His lawyers used the diagnosis to argue he was unable to appear in court to challenge Pakistani corruption charges alleging he had bought a British manor with ill-gotten gains.

Zardari had served more than eight years in prison in Pakistan on corruption charges that were dismissed this year under an amnesty agreement.

The British case was dropped in March, about the same time the corruption charges against him in Pakistan were dismissed, the newspaper reported.

In the court documents, a New York psychiatrist, Philip Saltiel, wrote Zardari was suffering from "emotional instability" brought on by his lengthy incarceration, and he suffered memory and concentration problems, the report said. "I do not foresee any improvement in these issues for at least a year," Saltiel wrote.

The Pakistani high commissioner in London, Wajid Shamsul Hasan, an appointee of Zardari, said Zardari was now healthy, and that his doctors had "declared him fit to run for political office and free of any symptoms," the report said.
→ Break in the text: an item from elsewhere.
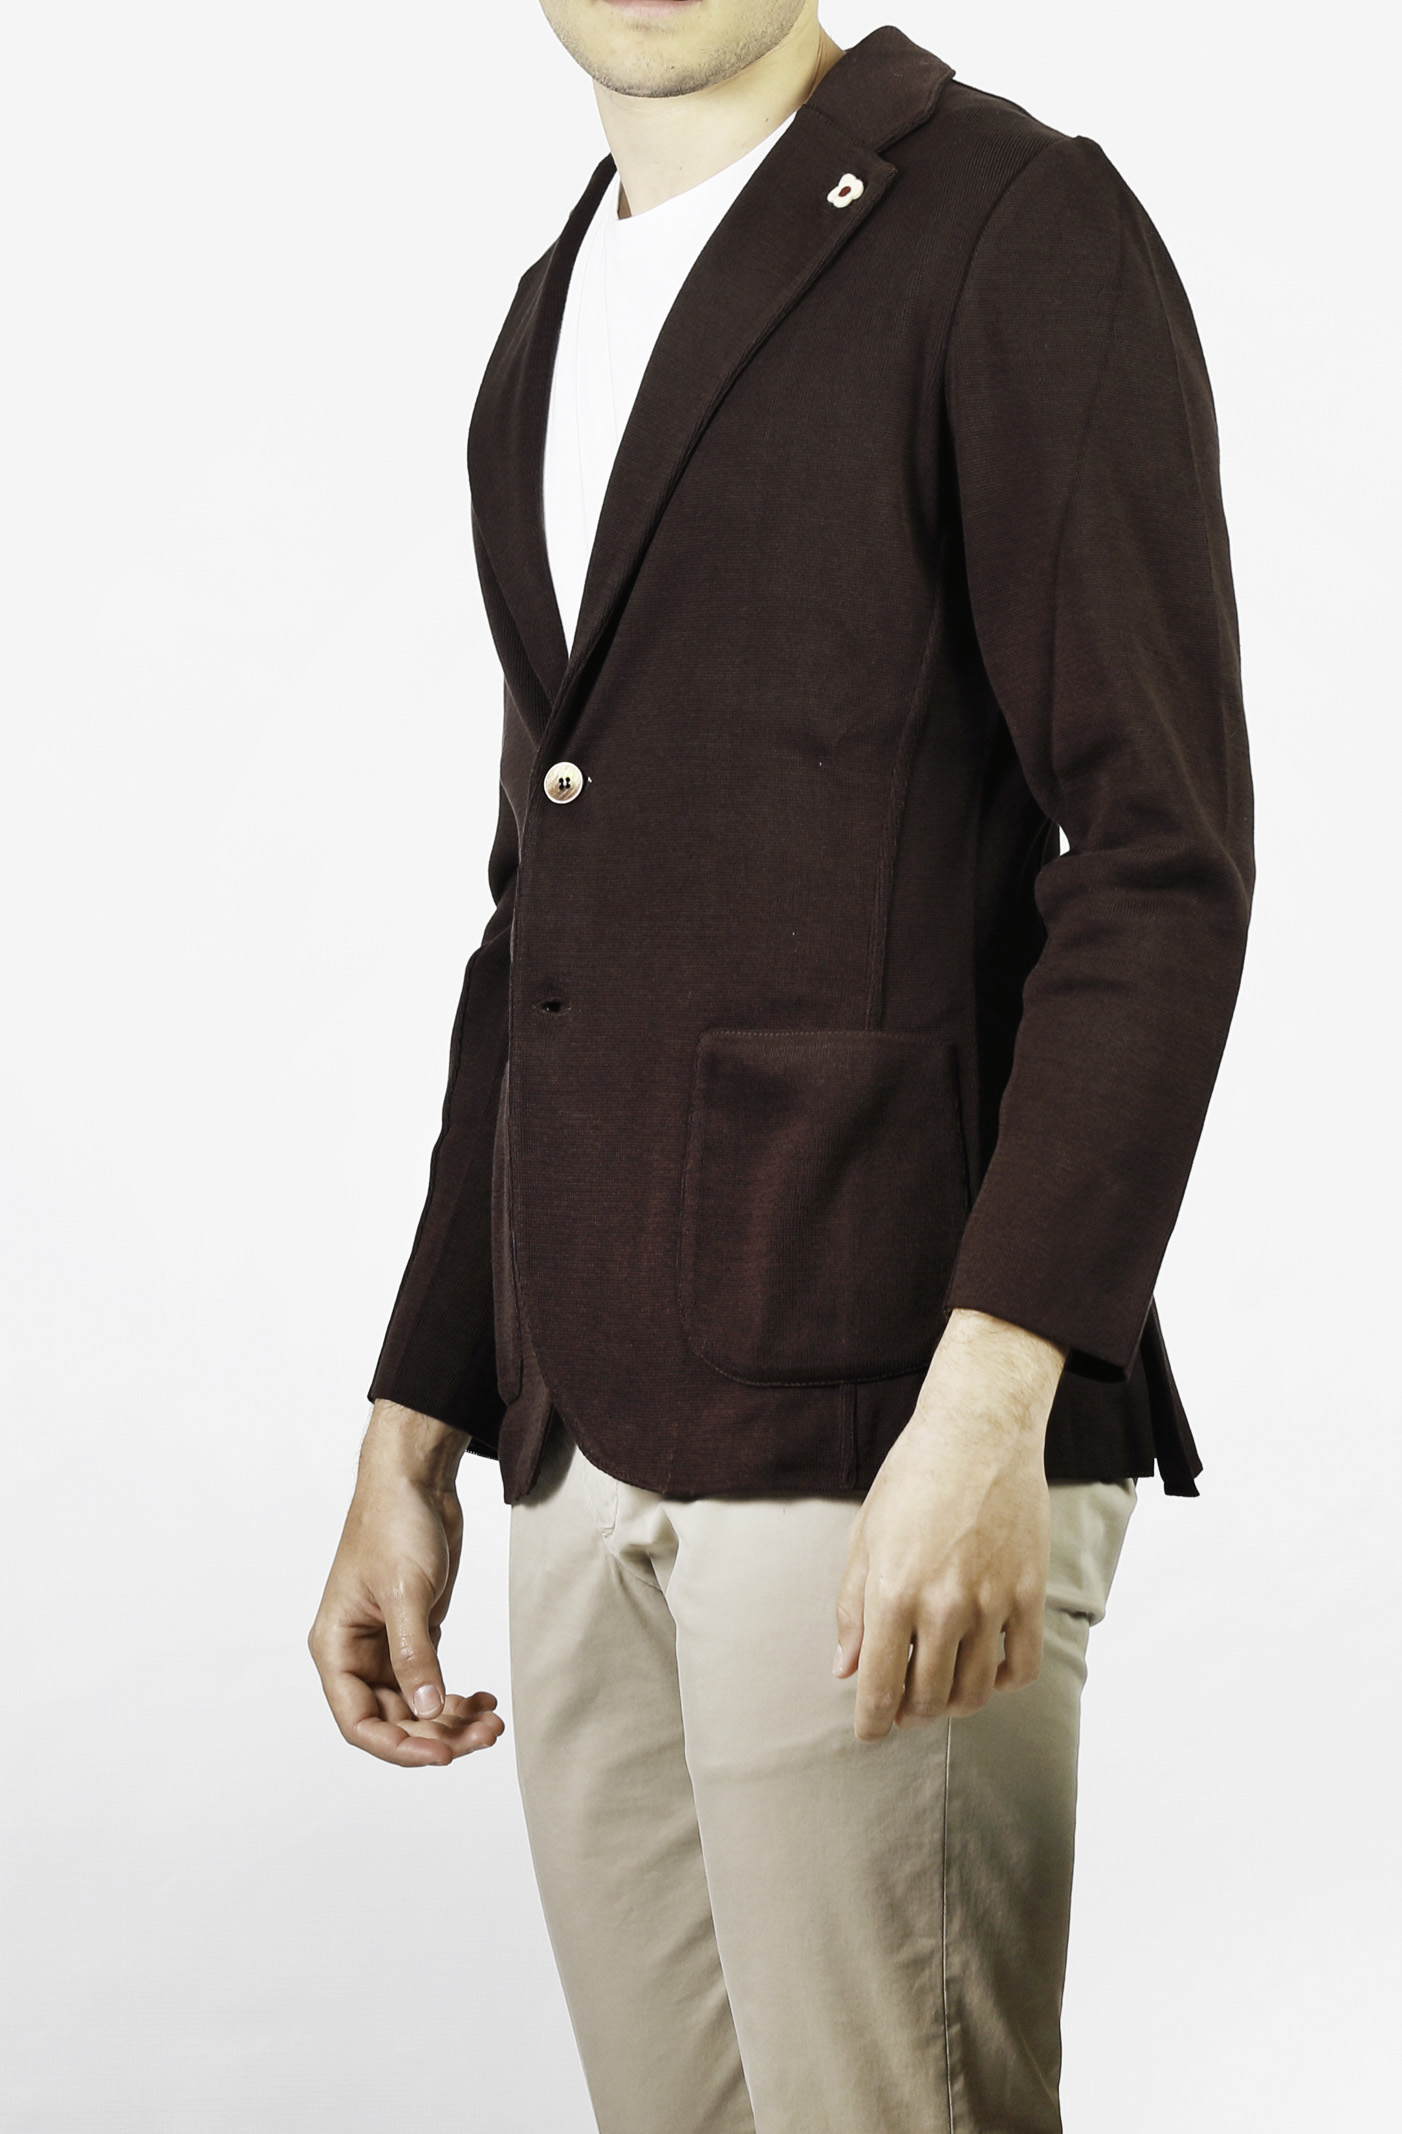 COTTON KNIT JACKET LARDINI | Jackets | ELLJM56-EL56000450

He is running for the office that was vacated by President Pervez Musharraf, who resigned under pressure this month.

Meanwhile, in the increasingly lawless northern city of Peshawar early Tuesday, three men with assault rifles and the long hair and beards of the Taliban attacked a vehicle carrying a top U.S. diplomat, the provincial police chief said.

The bulletproof Land Cruiser carrying the diplomat, Lynne Tracy, the principal officer at the U.S. consulate in Peshawar, was stopped by the three men, who got out of a sport-utility vehicle and fired, said the police official, Malik Naveed Khan, inspector-general of police in North-West Frontier Province.

Tracy, who was headed to work at the consulate from her home about a mile away, was unharmed, he said.